The training data contains twelve-lead ECGs. The validation and test data contains twelve-lead, six-lead, four-lead, three-lead, and two-lead ECGs:

1. Twelve leads: I, II, III, aVR, aVL, aVF, V1, V2, V3, V4, V5, V6
2. Six leads: I, II, III, aVR, aVL, aVF
3. Four leads: I, II, III, V2
4. Three leads: I, II, V2
5. Two leads: I, II

Each ECG recording has one or more labels that describe cardiac abnormalities (and/or a normal sinus rhythm).

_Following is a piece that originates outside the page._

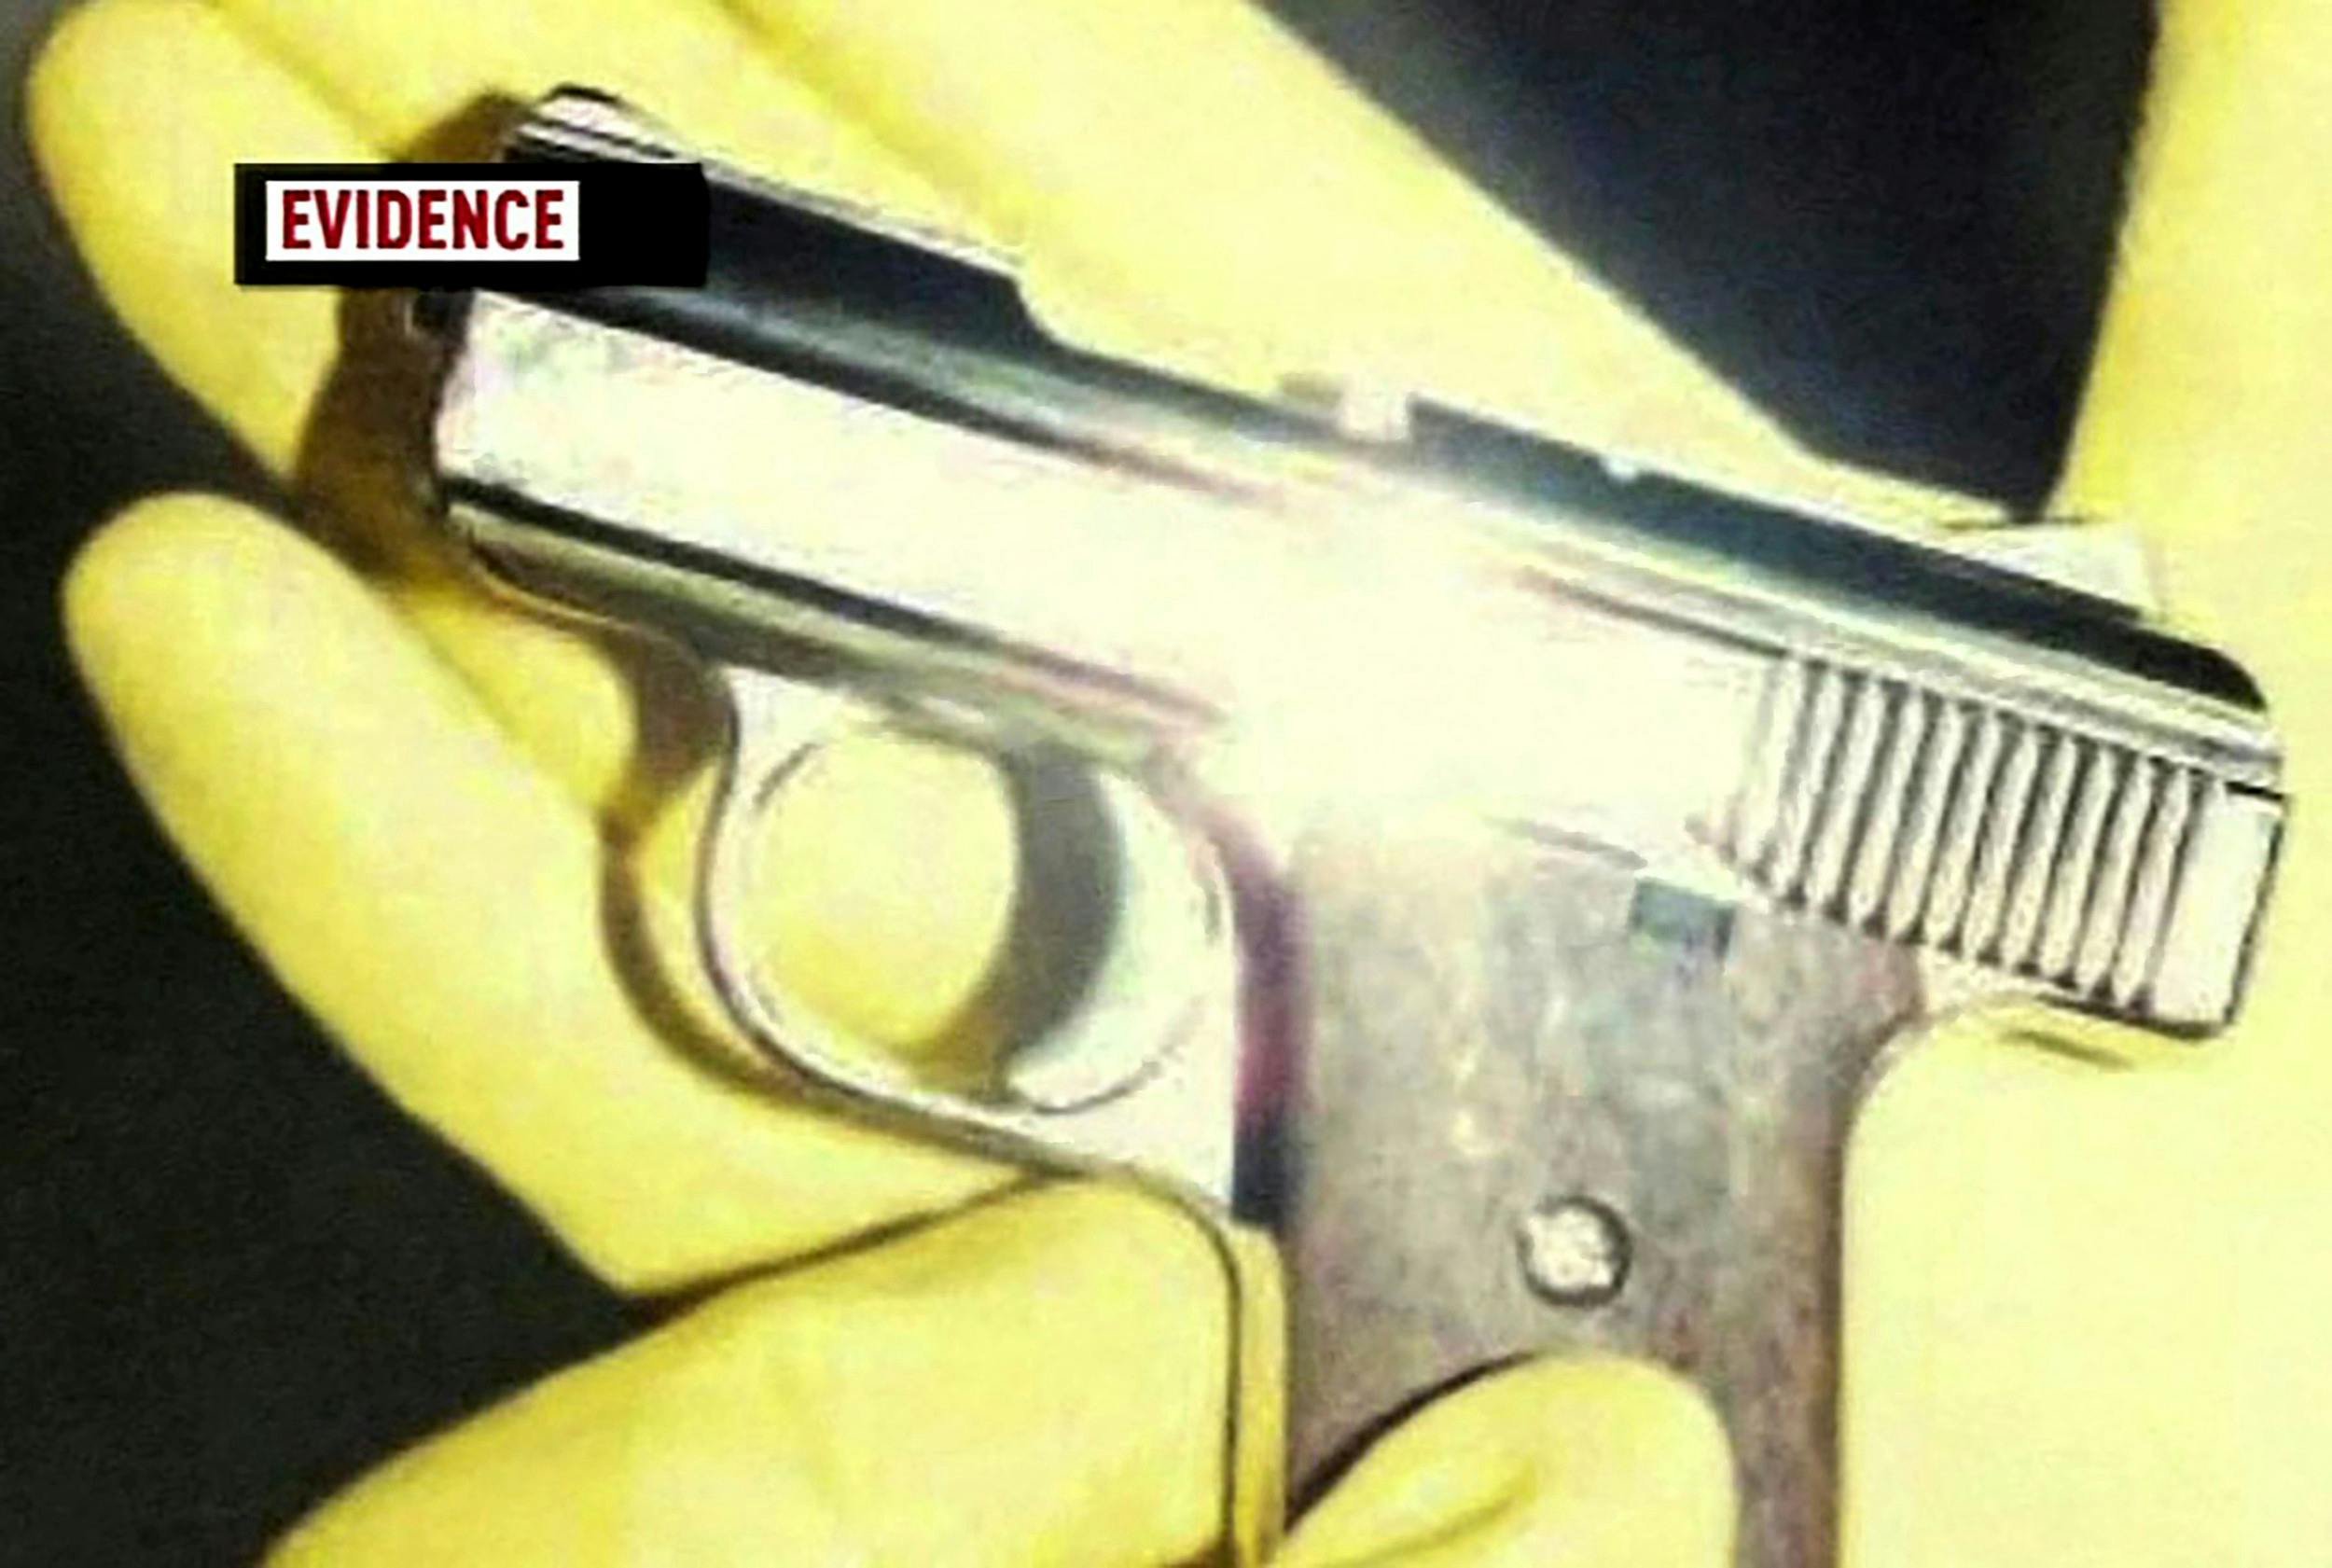 Drabsvåbnet var denne revolver, som ifølge Betty Kirk gik af ved et uheld.

The Challenge data include annotated twelve-lead ECG recordings from six sources in four countries across three continents. These databases include over 100,000 twelve-lead ECG recordings with over 88,000 ECGs shared publicly as training data.

## CODE-15% Dataset

A dataset of 12-lead ECGs with annotations. The dataset contains 345 779 exams from 233 770 patients. It was obtained through stratified sampling from the CODE dataset ( 15% of the patients). The data was collected by the Telehealth Network of Minas Gerais in the period between 2010 and 2016.

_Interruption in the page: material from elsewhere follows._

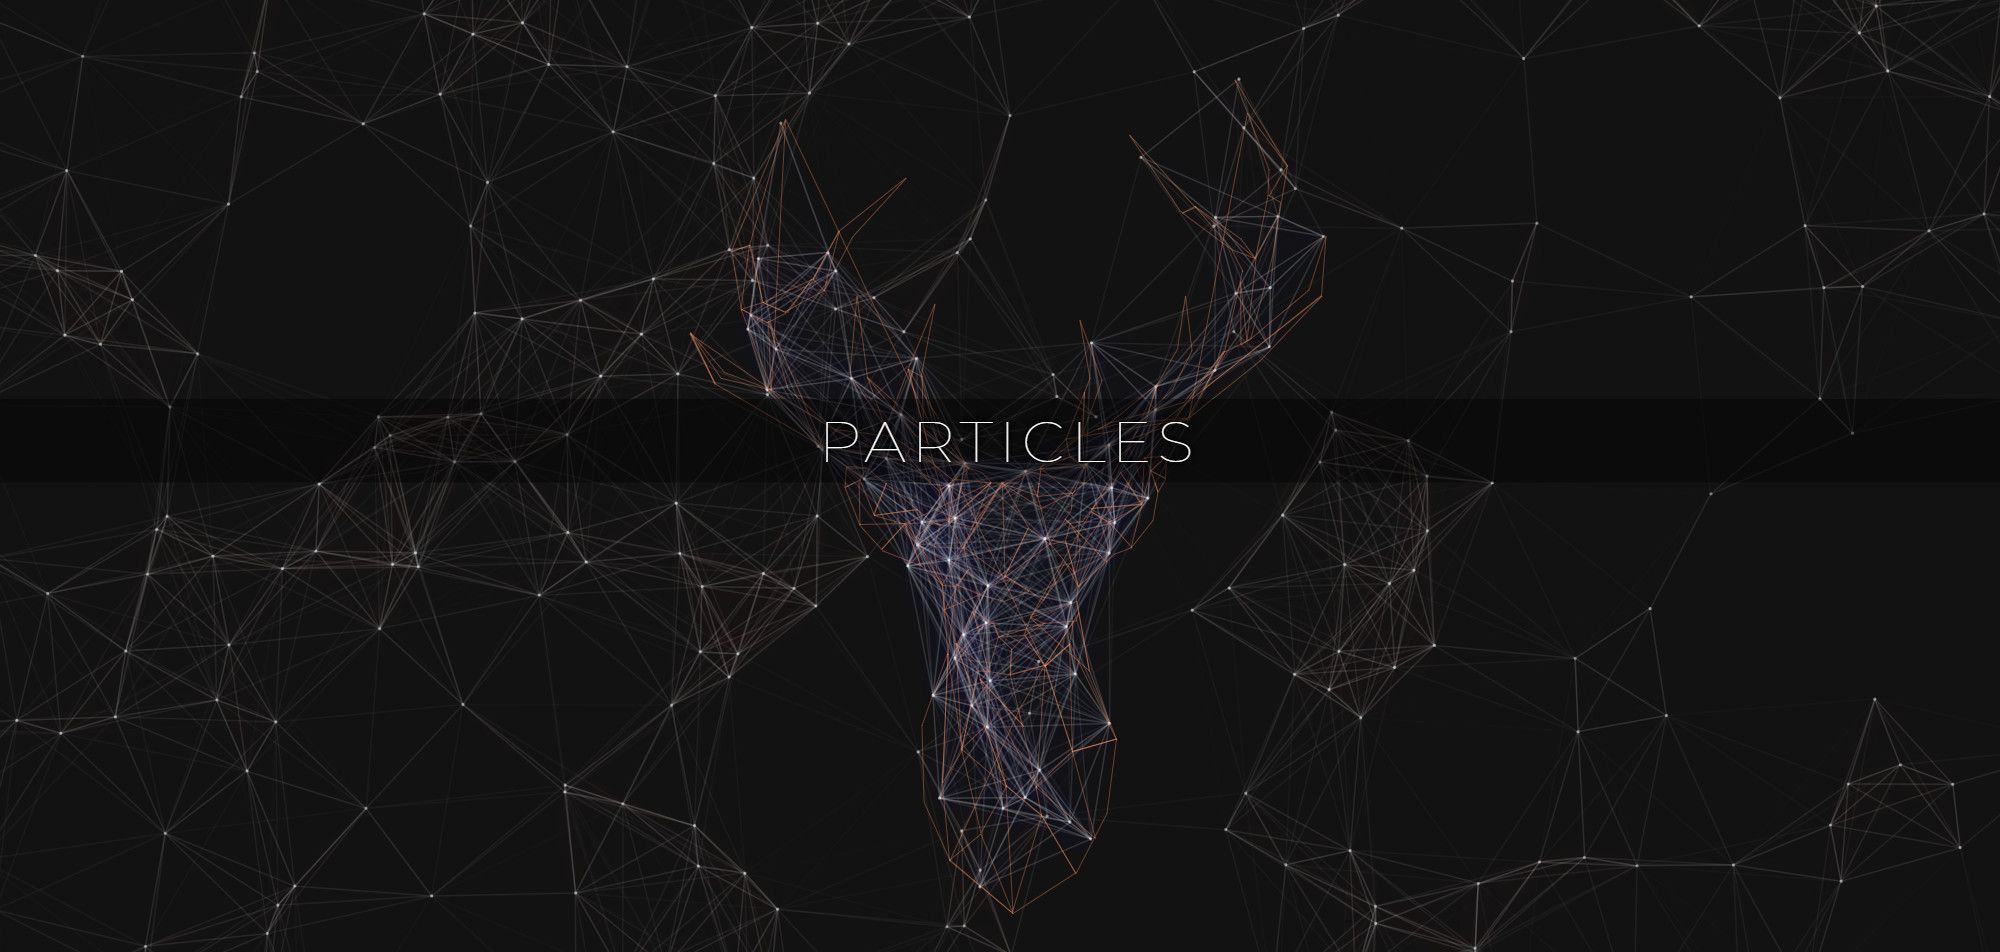 react-particles-js

- This repository contains the files `exams.csv` and the files `exams_part{i}.zip` for i = 0, 1, 2, ... 17. 

- "exams.csv": is a comma-separated values (csv) file containing the columns
- "exam_id": id used for identifying the exam;
- "age": patient age in years at the moment of the exam;
- "is_male": true if the patient is male;
- "nn_predicted_age": age predicted by a neural network to the patient. As described in the paper "Deep neural network estimated electrocardiographic-age as a mortality predictor" bellow.
- "1dAVb": Whether or not the patient has 1st degree AV block;
- "RBBB": Whether or not the patient has right bundle branch block;
- "LBBB": Whether or not the patient has left bundle branch block;
- "SB": Whether or not the patient has sinus bradycardia;
- "AF": Whether or not the patient has atrial fibrillation;
- "ST": Whether or not the patient has sinus tachycardia;
- "patient_id": id used for identifying the patient;
- "normal_ecg": True if the patient has a normal ECG;
- "death": true if the patient dies in the follow-up time. This data is available only in the first exam of the patient. Other exams will have this as an empty field;
- "timey": if the patient dies it is the time to the death of the patient. If not, it is the follow-up time. This data is available only in the first exam of the patient. Other exams will have this as an empty field;
- "trace_file": identify in which hdf5 file the file corresponding to this patient is located.
- "exams_part{i}.hdf5": The HDF5 file containing two datasets named `tracings` and other named `exam_id`. The `exam_id` is a tensor of dimension `(N,)` containing the exam id (the same as in the csv file) and the dataset `tracings` is a `(N, 4096, 12)` tensor containing the ECG tracings in the same order. The first dimension corresponds to the different exams; the second dimension corresponds to the 4096 signal samples; the third dimension to the 12 different leads of the ECG exams in the following order: `{DI, DII, DIII, AVR, AVL, AVF, V1, V2, V3, V4, V5, V6}`. The signals are sampled at 400 Hz. Some signals originally have a duration of 10 seconds (10 * 400 = 4000 samples) and others of 7 seconds (7 * 400 = 2800 samples). In order to make them all have the same size (4096 samples), we fill them with zeros on both sizes. For instance, for a 7 seconds ECG signal with 2800 samples we include 648 samples at the beginning and 648 samples at the end, yielding 4096 samples that are then saved in the hdf5 dataset. 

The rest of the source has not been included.